Different Problems, Different Fixes
The mitigations do not overlap:
For Type 1 (stochastic variance): Lower temperature at decision steps. Structured schemas. Chain-of-thought anchoring. Majority vote for high-stakes decisions. None of these touch the context rotation problem.
For Type 2 (temporal drift): Hard-coded parameter files re-injected at compaction boundaries. CCS monitoring with halt gates before constraint-sensitive actions. Session restart or re-authorization when CCS falls below threshold. None of these help with stochastic run-to-run variance.

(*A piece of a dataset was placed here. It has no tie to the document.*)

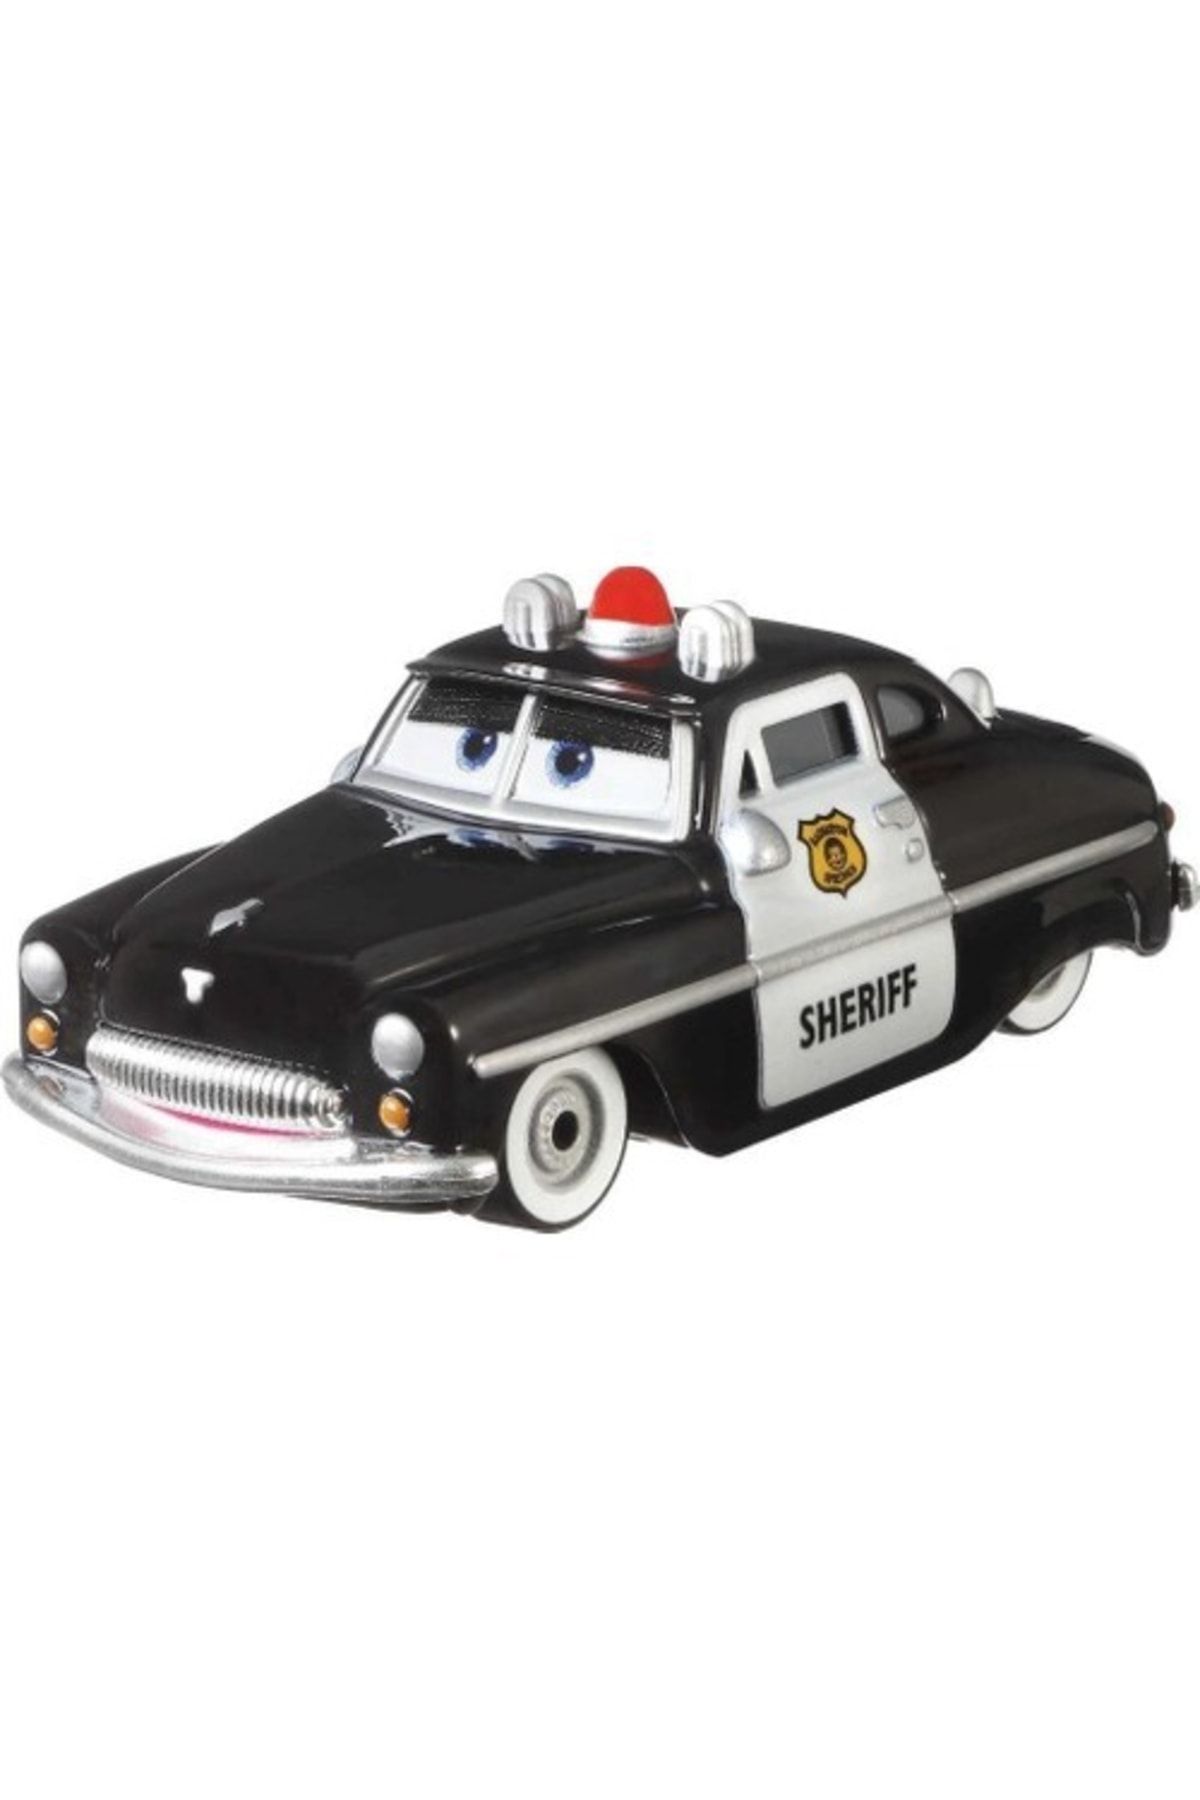 Mattel Disney Pixar Cars Metal Araba - Sheriff Dxv29 Hbk68 Lisanslı Ürün

The two fixes are complementary. Applying only Type 1 mitigations to a system with Type 2 drift won't close the reliability gap.
The Broader Pattern
Agent reliability is not one problem. It's at least two distinct failure modes with different causes, different detection methods, and different fixes.
The emerging literature is beginning to close the measurement gap on Type 1. Type 2 — temporal drift from context compression — is largely unmeasured in published benchmarks and unaddressed in current reliability frameworks and standards. (The NIST NCCoE concept paper on agent identity and authorization has the same gap: it defines agent identity at enrollment time, without a measurement clause for behavioral drift within a session. I filed a comment on that separately.)
The tools for measuring Type 2 are straightforward to build. The benchmarks that run short isolated sessions won't surface it until someone runs the right experiment: long sessions, explicit constraints, compaction events, CCS tracking.
If you're working on agent reliability, evaluation, or standards — and long-horizon context rotation isn't in your test methodology — it should be.